Let $$\vec{v} = \alpha\hat{i} + 2\hat{j} - 3\hat{k}$$, $$\vec{w} = 2\alpha\hat{i} + \hat{j} - \hat{k}$$, and $$\vec{u}$$ be a vector such that $$|\vec{u}| = \alpha > 0$$. If the minimum value of the scalar triple product $$[\vec{u} \quad \vec{v} \quad \vec{w}]$$ is $$-\alpha\sqrt{3401}$$, and $$|\vec{u} \cdot \hat{i}|^2 = \frac{m}{n}$$ where $$m$$ and $$n$$ are coprime natural numbers, then $$m + n$$ is equal to _____.

The scalar triple product $$[\vec{u}\;\vec{v}\;\vec{w}] = \vec{u} \cdot (\vec{v} \times \vec{w})$$.

First, compute $$\vec{v}\times\vec{w}$$ by evaluating the determinant $$\begin{vmatrix}\hat{i}&\hat{j}&\hat{k}\\\alpha&2&-3\\2\alpha&1&-1\end{vmatrix}$$, yielding $$\hat{i}(1)-\hat{j}(5\alpha)+\hat{k}(-3\alpha)=\langle1,-5\alpha,-3\alpha\rangle$$.

By Cauchy-Schwarz, the minimum of $$\vec{u}\cdot\vec{n}$$ subject to $$|\vec{u}|=\alpha$$ is $$-\alpha|\vec{n}|$$.

Since $$|\vec{n}|=\sqrt{1+25\alpha^2+9\alpha^2}=\sqrt{1+34\alpha^2}$$, setting $$-\alpha\sqrt{1+34\alpha^2}=-\alpha\sqrt{3401}$$ gives $$1+34\alpha^2=3401$$, so $$\alpha^2=100$$ and $$\alpha=10$$.

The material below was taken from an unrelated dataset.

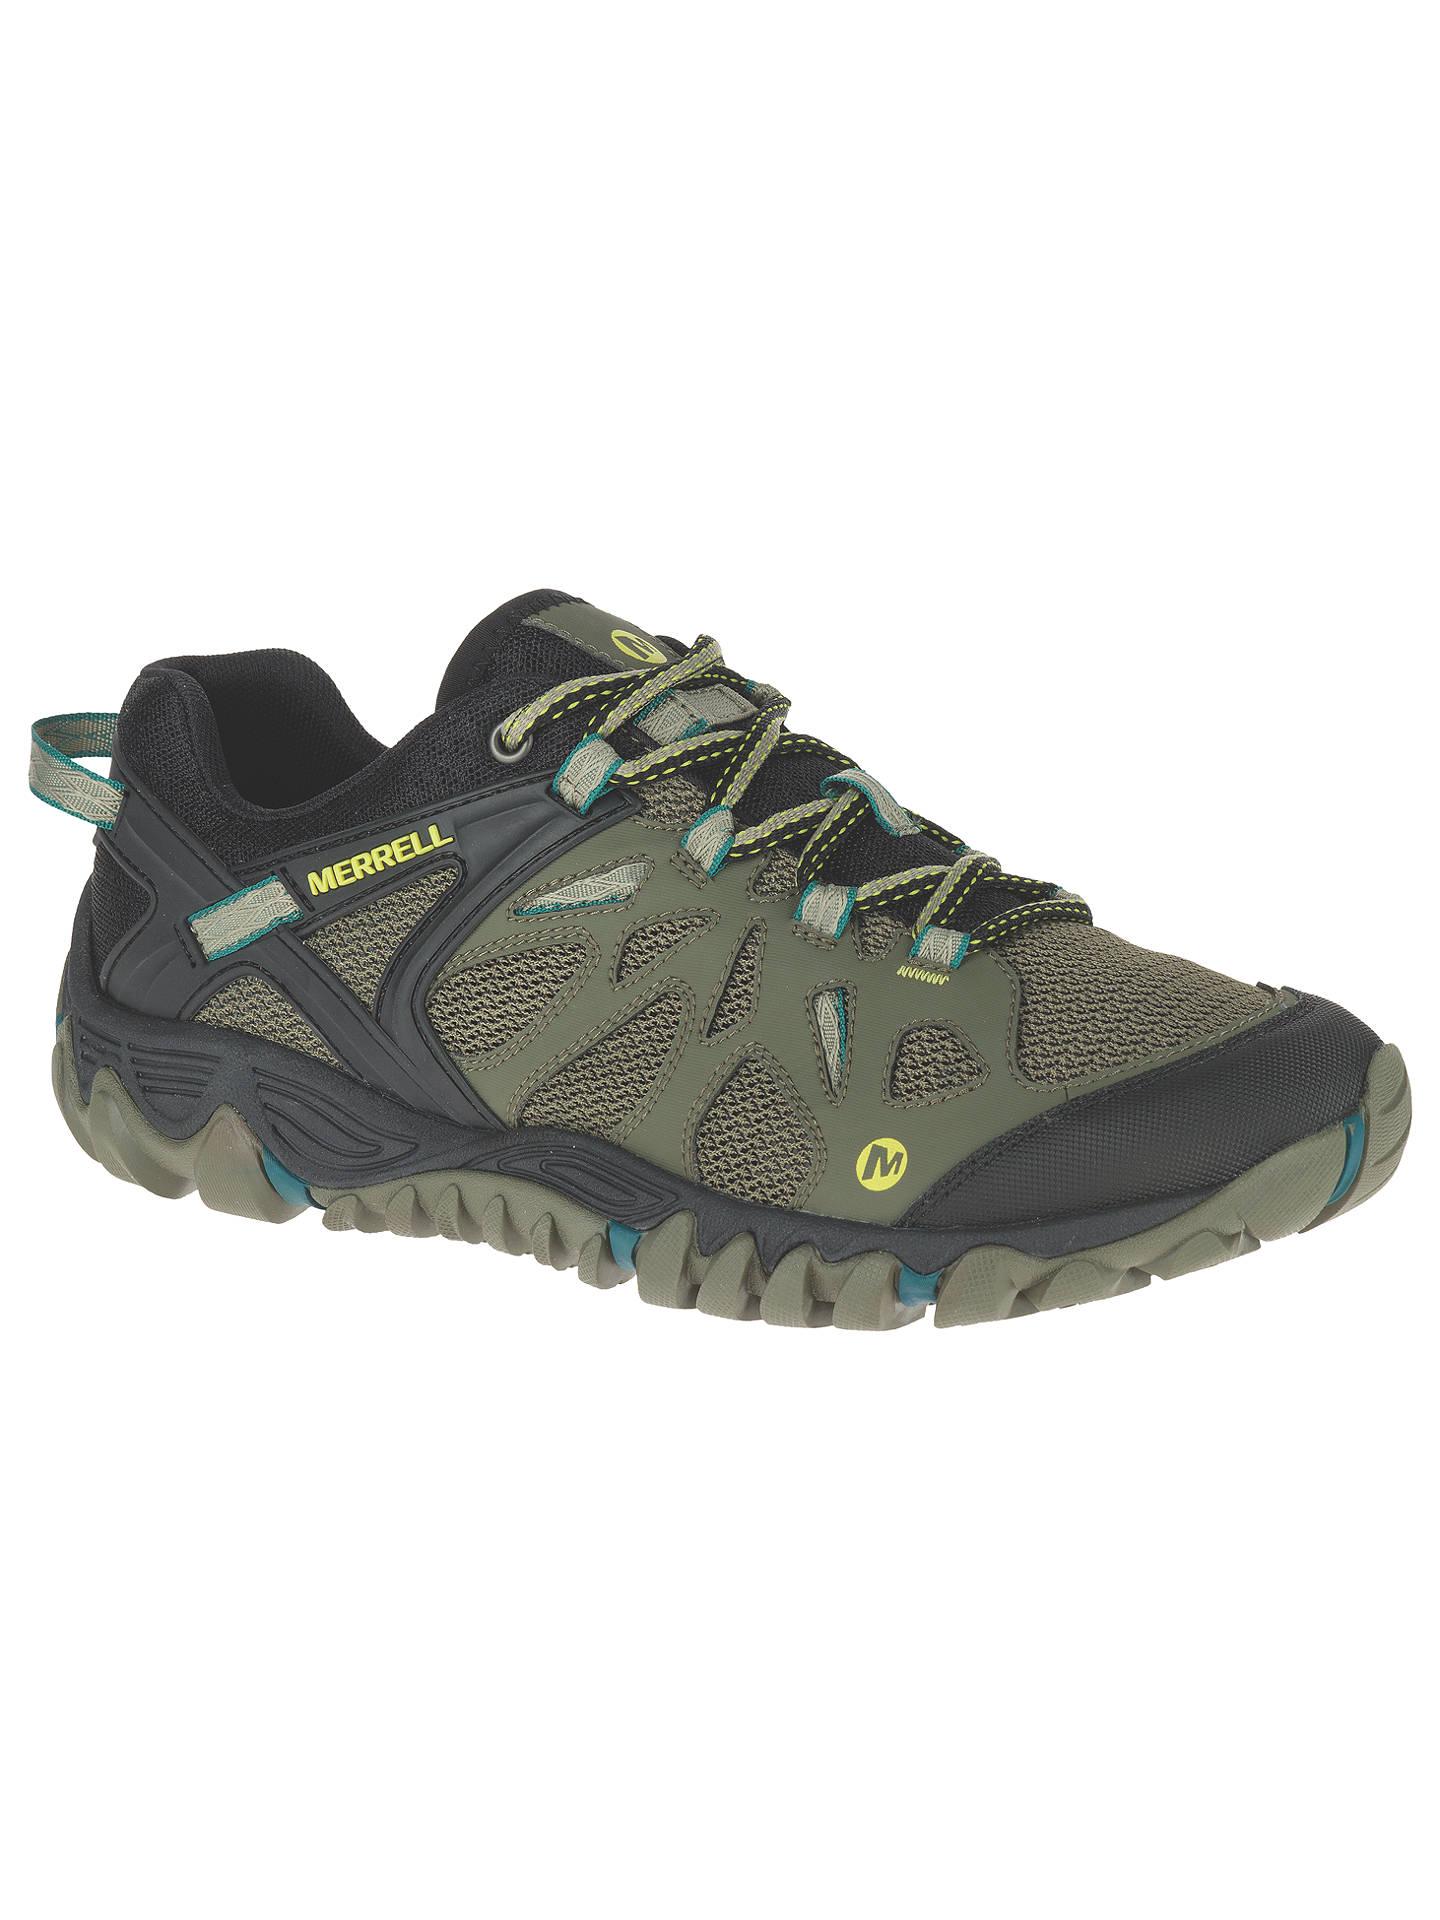 18e0d1f83113 Buy Merrell All Out Blaze Aero Sport Men s Walking Shoes
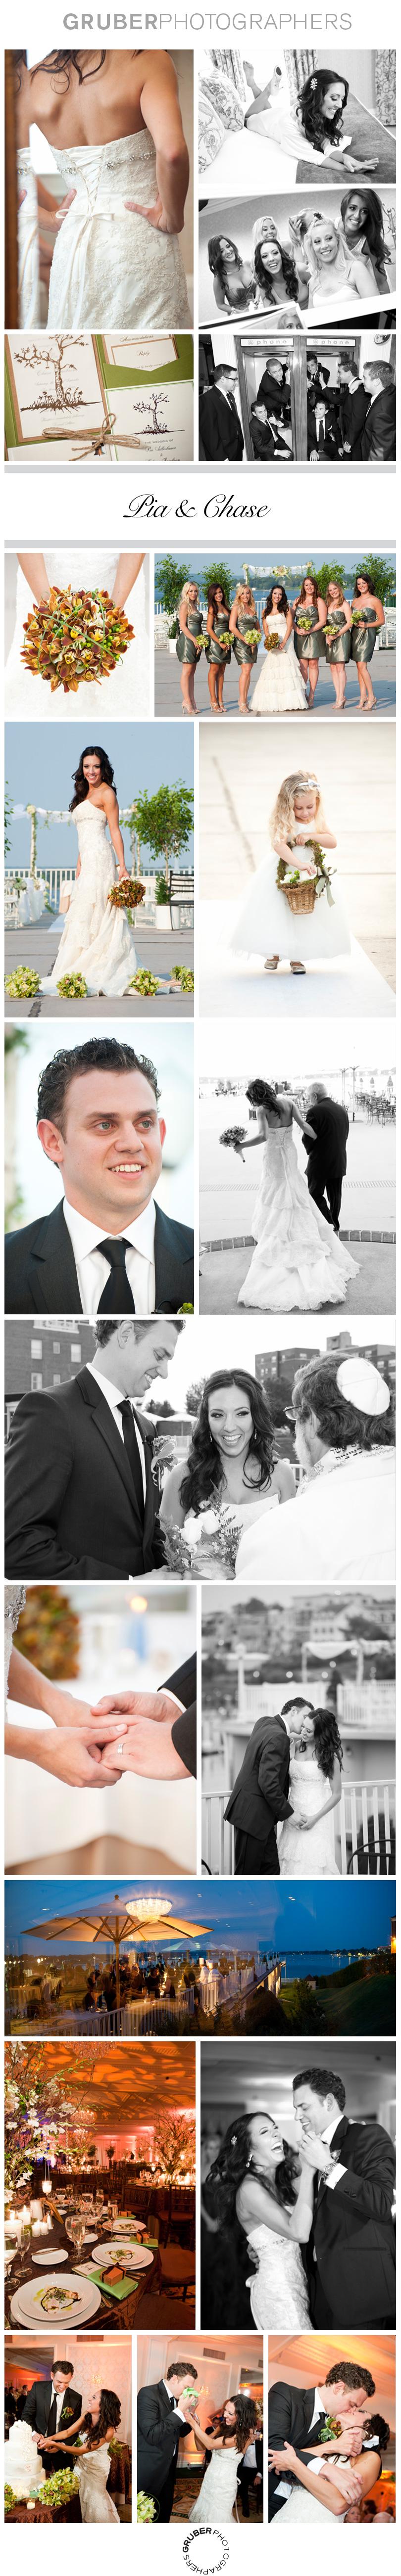 Wedding Photographer in NYC

The minimum occurs when $$\vec{u}=-\frac{\alpha}{|\vec{n}|}\vec{n}$$, hence $$\vec{u}\cdot\hat{i}=-\frac{10}{\sqrt{3401}}\cdot1$$, which implies $$|\vec{u}\cdot\hat{i}|^2=\frac{100}{3401}$$.

Since $$\gcd(100,3401)=1$$ (as $$3401=19\times179$$), we set $$m=100$$ and $$n=3401$$, yielding

$$m+n=\boxed{3501}$$.